# [WORK ITEM]
Reproduce the listing verbatim through the line with "supply chain using blockchain".

** Opening PROVIDED RECORDS block **

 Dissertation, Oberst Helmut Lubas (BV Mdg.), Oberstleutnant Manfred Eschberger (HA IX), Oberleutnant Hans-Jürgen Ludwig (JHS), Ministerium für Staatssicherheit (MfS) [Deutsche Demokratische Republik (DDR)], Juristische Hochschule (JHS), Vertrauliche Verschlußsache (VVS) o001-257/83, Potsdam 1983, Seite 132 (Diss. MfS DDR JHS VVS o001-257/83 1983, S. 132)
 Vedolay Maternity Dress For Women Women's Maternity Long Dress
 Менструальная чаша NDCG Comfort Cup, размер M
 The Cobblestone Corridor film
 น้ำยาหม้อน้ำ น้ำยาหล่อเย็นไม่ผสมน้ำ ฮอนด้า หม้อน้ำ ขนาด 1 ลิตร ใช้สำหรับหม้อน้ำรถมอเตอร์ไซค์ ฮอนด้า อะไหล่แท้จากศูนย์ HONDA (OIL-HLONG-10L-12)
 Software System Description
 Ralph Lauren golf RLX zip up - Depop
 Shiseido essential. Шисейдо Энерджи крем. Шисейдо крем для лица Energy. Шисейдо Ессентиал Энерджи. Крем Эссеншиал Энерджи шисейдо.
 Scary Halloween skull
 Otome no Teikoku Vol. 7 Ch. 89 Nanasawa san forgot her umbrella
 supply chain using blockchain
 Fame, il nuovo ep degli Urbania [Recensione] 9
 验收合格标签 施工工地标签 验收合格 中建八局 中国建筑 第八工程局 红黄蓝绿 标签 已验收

** Closing PROVIDED RECORDS block **

# [EXERCISE RESPONSE]
 Dissertation, Oberst Helmut Lubas (BV Mdg.), Oberstleutnant Manfred Eschberger (HA IX), Oberleutnant Hans-Jürgen Ludwig (JHS), Ministerium für Staatssicherheit (MfS) [Deutsche Demokratische Republik (DDR)], Juristische Hochschule (JHS), Vertrauliche Verschlußsache (VVS) o001-257/83, Potsdam 1983, Seite 132 (Diss. MfS DDR JHS VVS o001-257/83 1983, S. 132)
 Vedolay Maternity Dress For Women Women's Maternity Long Dress
 Менструальная чаша NDCG Comfort Cup, размер M
 The Cobblestone Corridor film
 น้ำยาหม้อน้ำ น้ำยาหล่อเย็นไม่ผสมน้ำ ฮอนด้า หม้อน้ำ ขนาด 1 ลิตร ใช้สำหรับหม้อน้ำรถมอเตอร์ไซค์ ฮอนด้า อะไหล่แท้จากศูนย์ HONDA (OIL-HLONG-10L-12)
 Software System Description
 Ralph Lauren golf RLX zip up - Depop
 Shiseido essential. Шисейдо Энерджи крем. Шисейдо крем для лица Energy. Шисейдо Ессентиал Энерджи. Крем Эссеншиал Энерджи шисейдо.
 Scary Halloween skull
 Otome no Teikoku Vol. 7 Ch. 89 Nanasawa san forgot her umbrella
 supply chain using blockchain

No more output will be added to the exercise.